To play Factitious simply go to the site and select start. You’ll then see an article appear on the screen. Read through the article, click the source listed at the bottom, and then select either the green check mark or red X to indicate whether or not you think the article is a real news story. After you make your selection you’ll get instant feedback and an explanation of how you can tell if the article was a real or fake news story.

Points are awarded in Factitious based on accuracy, speed, and whether or not you viewed the source link before making a guess at the legitimacy of the story. The 2020 version of Factitious contains three rounds with five stories in each round.

Bad News
Bad News is a website that offers simulations that show visitors how misinformation is spread through social media. Bad News is available in two versions. The regular version is intended for those who are high school age or older. Bad News Junior is appropriate for middle school and older elementary school students. The difference between the two versions is found in the news topics that are used in the simulations.

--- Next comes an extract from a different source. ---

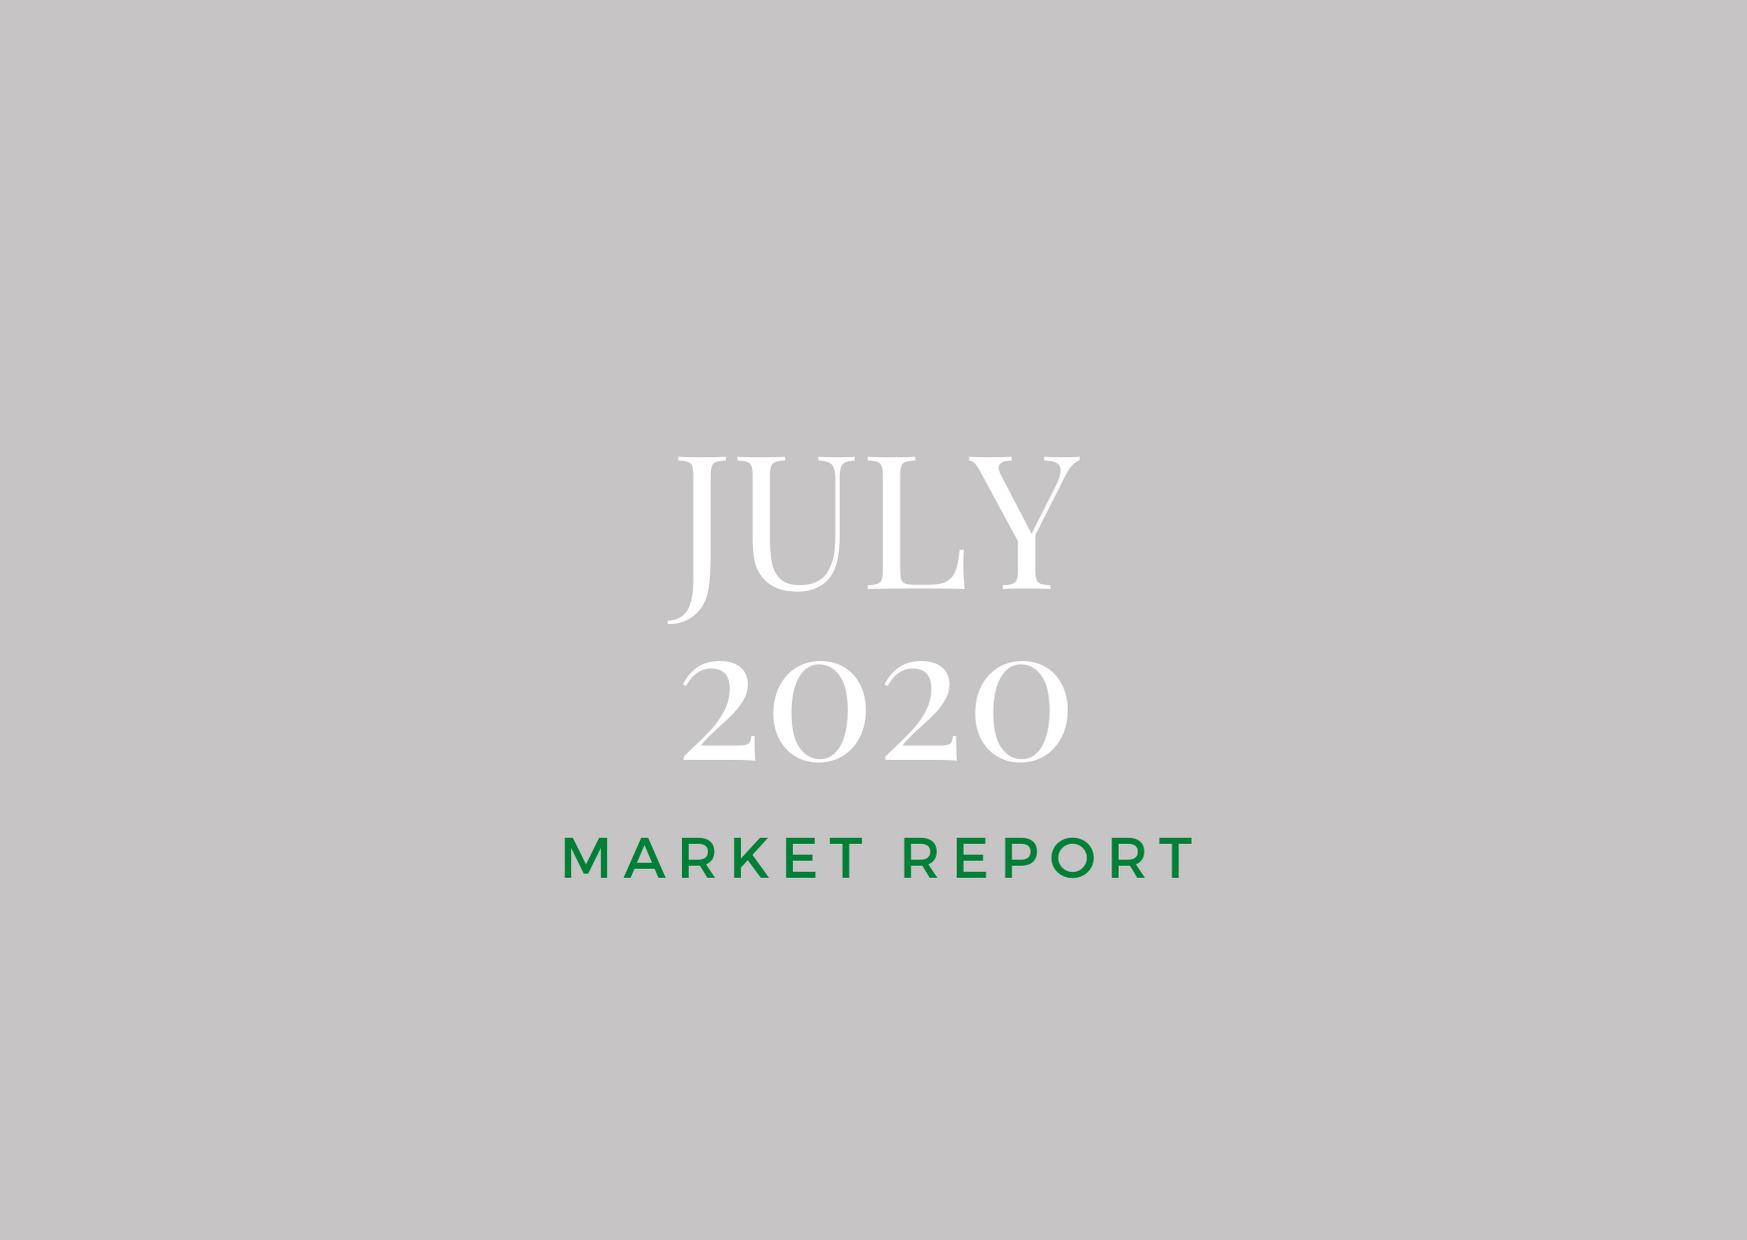 July 2020 Market Report

In both versions of Bad News players work through a simulation in which they attempt to build a Twitter following by spreading misleading news stories. (I must emphasis that there are no real Tweets sent and you don’t have to even have a Twitter account to play Bad News). Through the simulation players learn how headlines, memes, and Tweets are designed to manipulate people and prompt reactions from them. The simulation also shows players how Twitter bots are used.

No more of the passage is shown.